Nervous holders of Skyepharma shares sold the stock in droves yesterday after the drugs group said that initial negotiations over the restructuring of two convertible bonds had collapsed.

The stock was down 32 per cent on the day, to just 3.73p, after the company, which believes it will make significant revenues from its asthma delivery treatment, Flutiform, in the next few years, blamed dire conditions in the markets on its decision to halt talks with financial institutions. "Although there was significant support, in the light of current capital market conditions the discussions on the specific proposal are not being pursued at the present time," Skyepharma said in a statement.

The £89m of debt is convertible into equity at the behest of the bondholders. However, given that the group has lost more than 86 per cent of its value in the last 12 months, this is not an attractive option. The real problem for Skyepharma is that, unusually, the debt is puttable on given dates next year and in 2010. This option allows the creditors to hand the bonds back to the company in return for the face value of the instrument, a scenario Skyepharma is desperately trying to avoid as it lacks the funds to meet the puts.

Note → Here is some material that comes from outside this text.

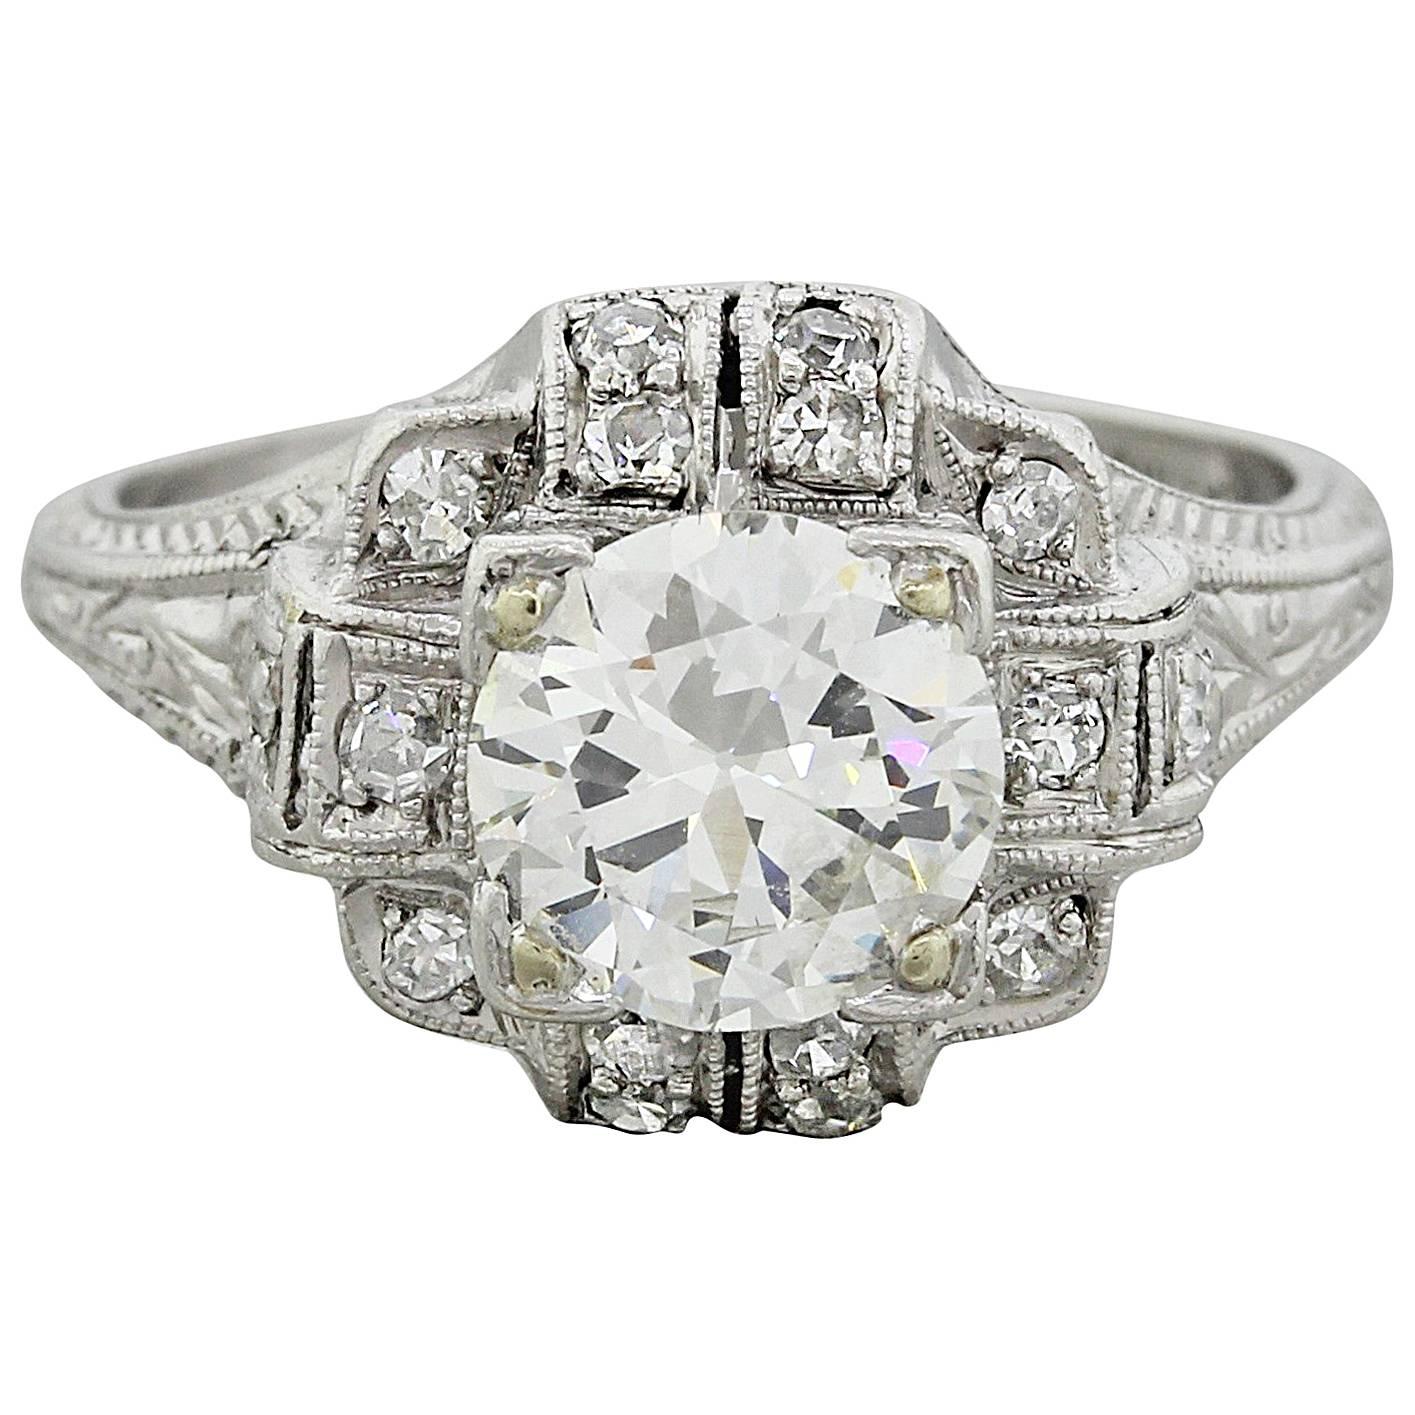 Exquisite Antique Art Deco 1.62 Carat Diamonds Platinum Engagement Ring For Sale

Peter Grant, Skyepharma's finance director, refused to comment on the nature of the failed discussions so far, or on what the group planned to do next to resolve the situation, saying that he "did not want to carry out the negotiations in the media". He did insist, however, that the company would now seek an alterative solution.

Flutiform is in the last stages of passing its final phase trials, a feat the majority of experts expect it to achieve. Skyepharma then plans to apply for an FDA licence in the US at the start of next year, and in Europe at the end of 2009.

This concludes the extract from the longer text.